1926 – In Italy, Benito Mussolini introduced a tax on bachelors.

1947 – Everglades National Park in Florida was dedicated by U.S. President Truman.

1957 – AFL-CIO members voted to expel the International Brotherhood of Teamsters. The Teamsters were readmitted in 1987.

1998 – In Venezuela, former Lieutenant Colonel Hugo Chavez was elected president. He had staged a bloody coup attempt against the government six years earlier.

December 6, 1941

Roosevelt to Japanese emperor: “Prevent further death and destruction”

On this day, President Roosevelt-convinced on the basis of intelligence reports that the Japanese fleet is headed for Thailand, not the United States-telegrams Emperor Hirohito with the request that “for the sake of humanity,” the emperor intervene “to prevent further death and destruction in the world.”

The Royal Australian Air Force had sighted Japanese escorts, cruisers, and destroyers on patrol near the Malayan coast, south of Cape Cambodia. An Aussie pilot managed to radio that it looked as if the Japanese warships were headed for Thailand-just before he was shot down by the Japanese. Back in England, Prime Minister Churchill called a meeting of his chiefs of staff to discuss the crisis. While reports were coming in describing Thailand as the Japanese destination, they began to question whether it could have been a diversion. British intelligence had intercepted the Japanese code “Raffles,” a warning to the Japanese fleet to be on alert-but for what?

Britain was already preparing Operation Matador, the launching of their 11th Indian Division into Thailand to meet the presumed Japanese invasion force. But at the last minute, Air Marshall Brooke-Popham received word not to cross the Thai border for fear that it would provoke a Japanese attack if, in fact, the warship movement was merely a bluff.

Meanwhile, 600 miles northwest of Hawaii, Admiral Yamamoto, commander of the Japanese fleet, announced to his men: “The rise or fall of the empire depends upon this battle.

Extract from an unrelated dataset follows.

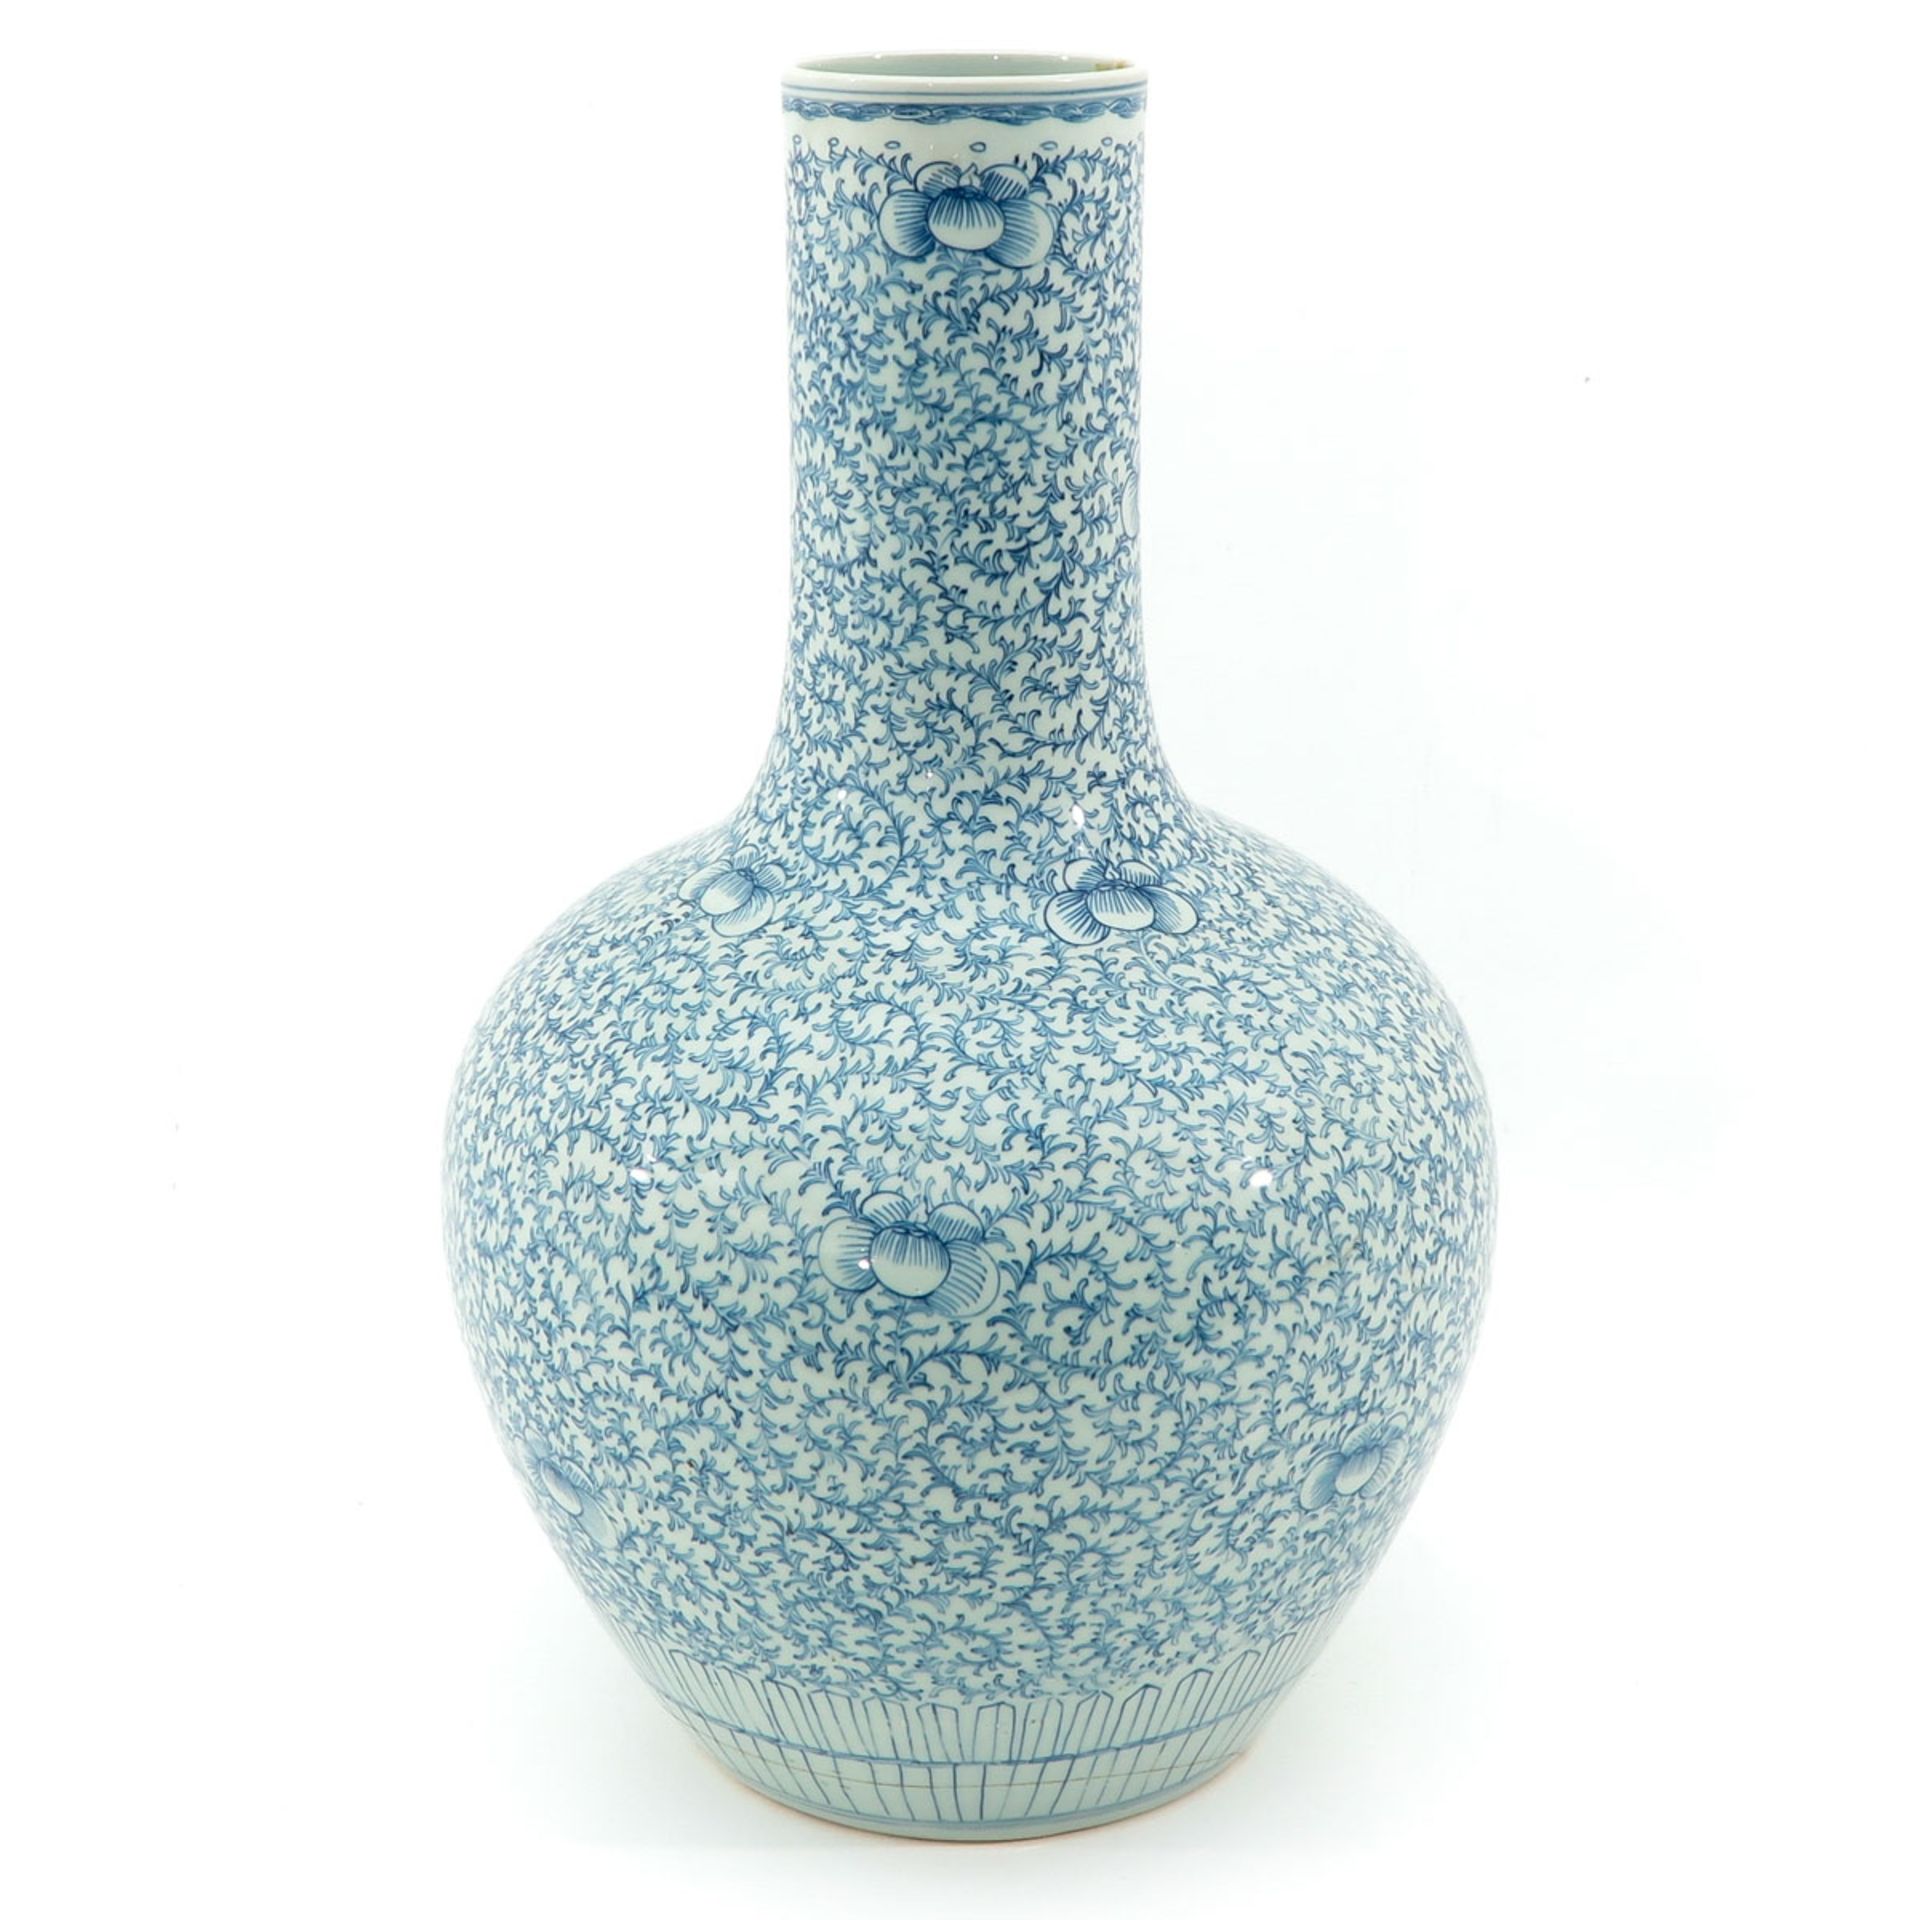 A Large Blue and White Bottle Vase

Everyone will do his duty with utmost efforts.” Thailand was, in fact, a bluff. Pearl Harbor in Oahu, Hawaii was confirmed for Yamamoto as the Japanese target, after the Japanese consul in Hawaii had reported to Tokyo that a significant portion of the U.S. Pacific fleet would be anchored in the harbor-sitting ducks. The following morning, Sunday, December 7, was a good day to begin a raid.

“The son of man has just sent his final message to the son of God,” FDR joked to Eleanor after sending off his telegram to Hirohito, who in the Shinto tradition of Japan was deemed a god. As he enjoyed his stamp collection and chatted with Harry Hopkins, his personal adviser, news reached him of Japan’s formal rejection of America’s 10-point proposals for peace and an end to economic sanctions and the oil embargo placed on the Axis power. “This means war,” the president declared. Hopkins recommended an American first strike. “No, we can’t do that,” Roosevelt countered. “We are a democracy and a peaceful people.”